In the scalp surface lipids, there were no significant changes in alpha diversity in the occipital and vertex regions of AGA patients compared to healthy controls. At the phylum level, no differential microbiota was found between the vertex and occipital regions of AGA patients and healthy controls. At the genus level, Phikmvvirus was enriched in the occipital scalp of the control group, while Gemella and Massilia were enriched in the vertex scalp of the control group. At the species level, Pseudomonas_virus_LKA1 was enriched in the occipital scalp of the control group, while Staphylococcus capitis and Massilia timonae were enriched in the vertex scalp of the control group.

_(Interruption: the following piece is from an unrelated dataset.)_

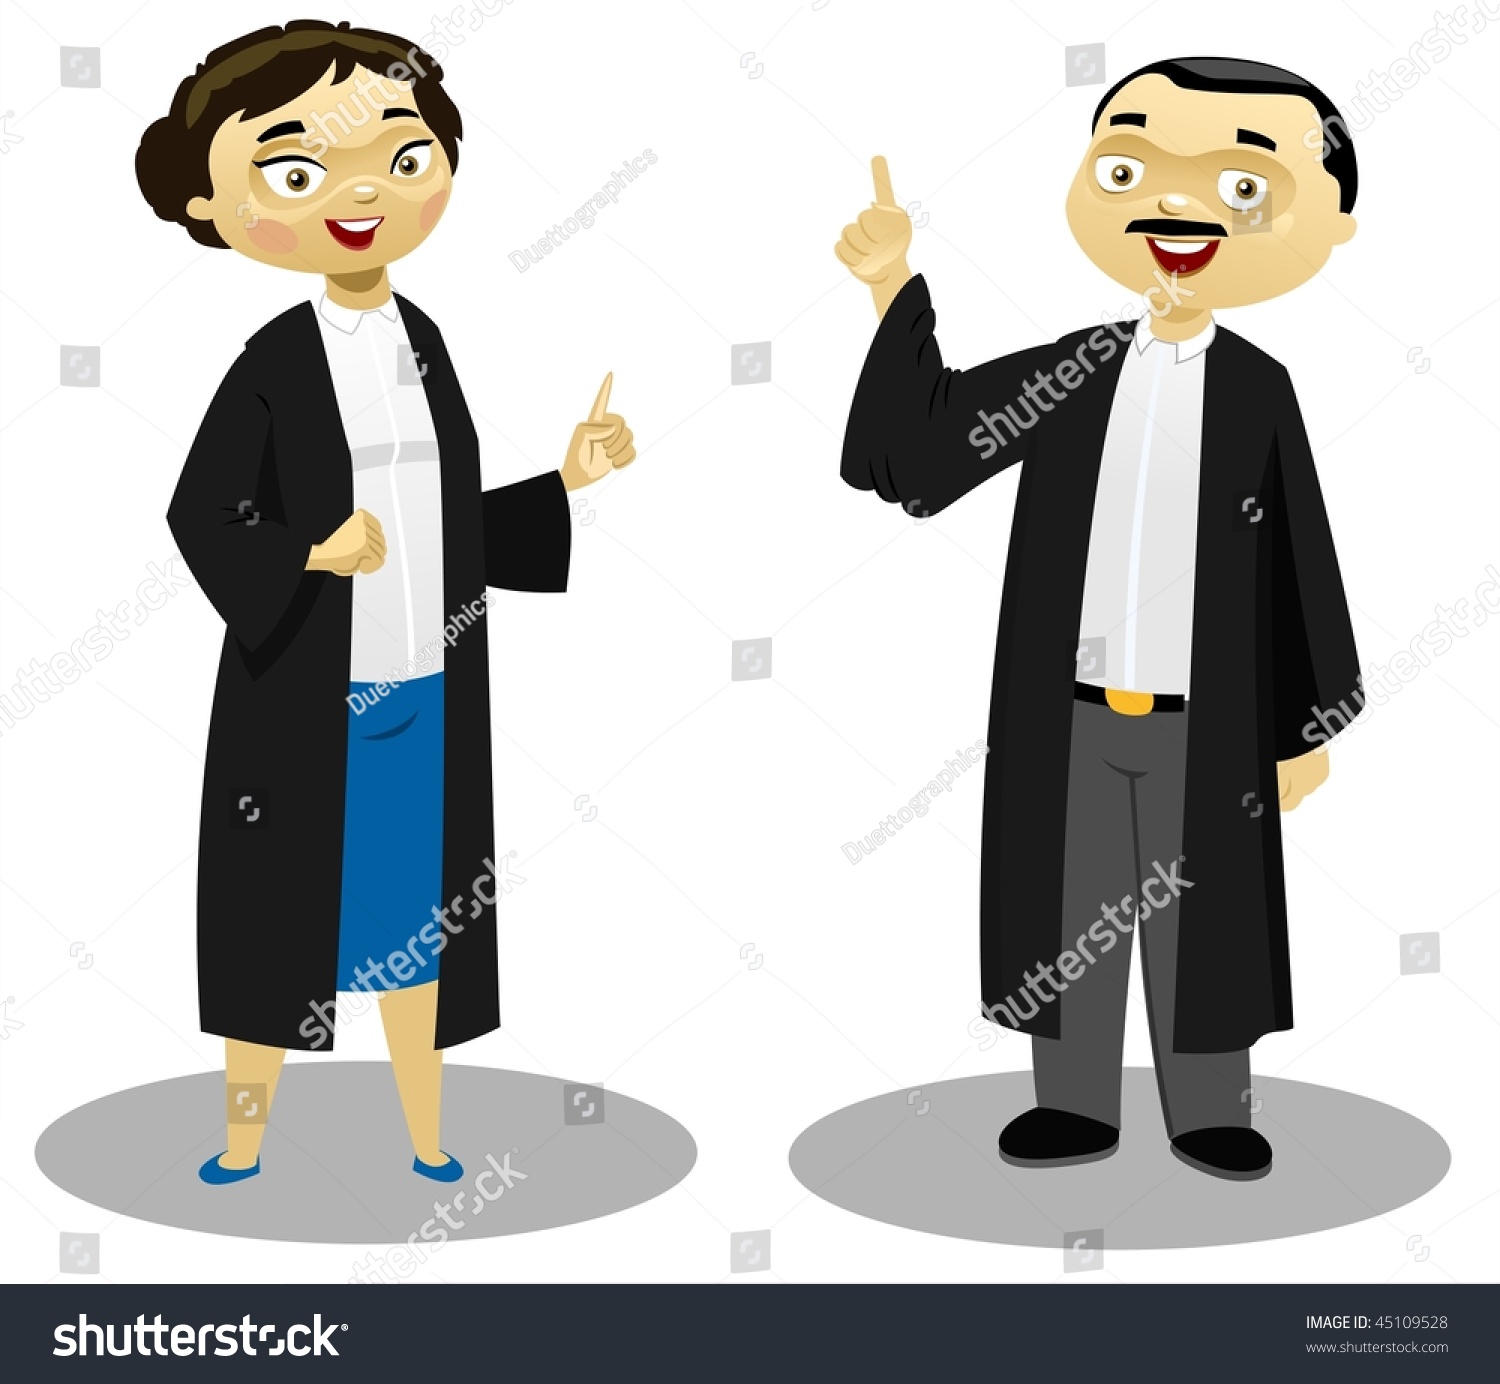 lawyer clip art images free - photo #23
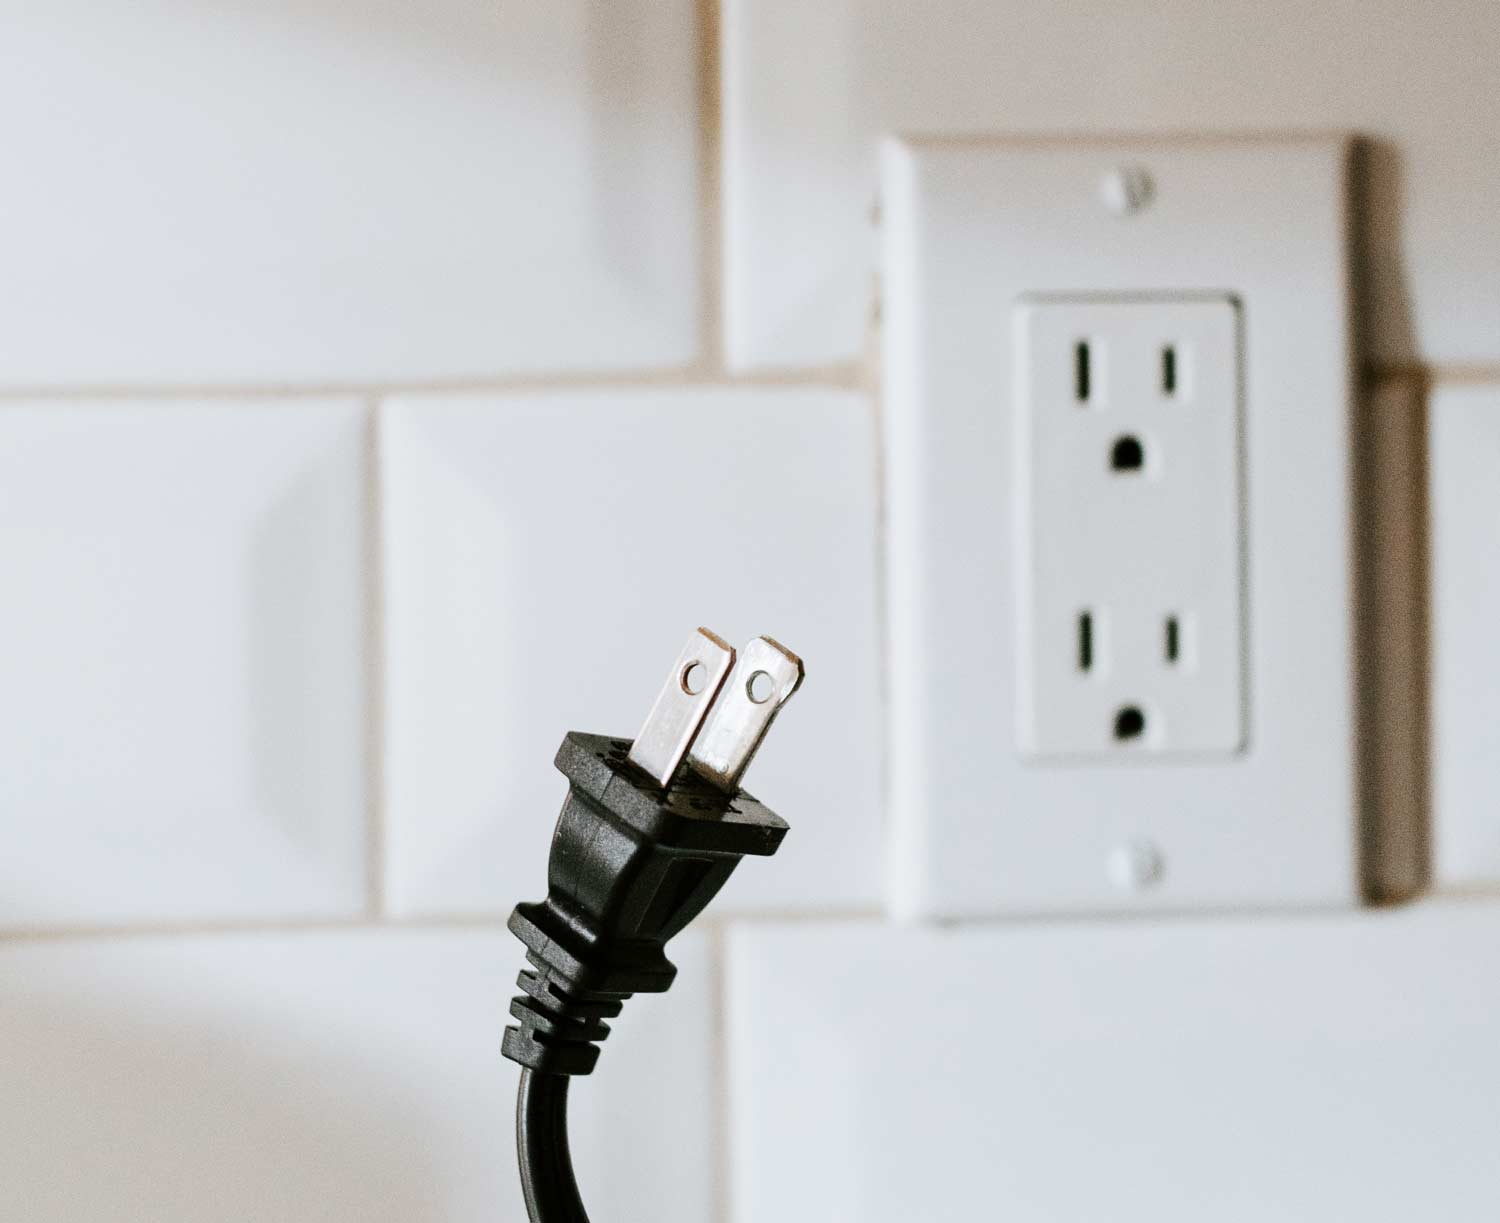 Power cable and electrical outlet

Therefore, by comparing dominant bacteria, we found that Staphylococcus capitis was significantly enriched in the sebum and scalp surface of healthy individuals compared to AGA patients. We collected Staphylococcus capitis from healthy individuals and applied to the AGA mouse model, we found it could significantly promoted hair growth and increased follicle counts.

Conclusion: The enrichment of Staphylococcus capitis in the scalp microenvironment of AGA patients is significantly reduced. Additionally, Staphylococcus capitis can promote hair growth in the AGA mouse model.

Part III: The role and mechanism of fumarate-related derivatives from Staphylococcus capitis in promoting hair growth and the review of clinical applications

Objective: To explore the metabolites involved in the regulation of hair growth by Staphylococcus capitis.

Methods: HUMAnN-based MetaCyc functional analysis and targeted central carbon metabolomics were used to investigate the production of metabolites such as fumarate-related derivatives by Staphylococcus capitis. We applied fumarate-related derivatives, such as fumaric acid, to the AGA mouse model, to clarify hair-promoting effects. Results: MetaCyc analysis of metagenomic sequencing revealed that Staphylococcus capitis primarily mediates the reductive tricarboxylic acid cycle (TCA). Based on KO analysis and EGGNOG functional annotation, fumarate-related metabolic pathways were enriched in Staphylococcus capitis. Targeted central carbon metabolomics confirmed that the scalp microenvironment in AGA may influence the production of fumarate-related derivatives, such as fumaric acid. Fumaric acid can promote hair growth in the AGA mouse model, by influencing sebaceous gland cell secretion of NGF and PGF, thereby regulating hair growth.

Conclusion: The metabolites produced by Staphylococcus capitis during the reductive TCA cycle, such as fumarate-related derivatives, can influence hair growth by affecting sebaceous gland cell secretion of NGF and PGF.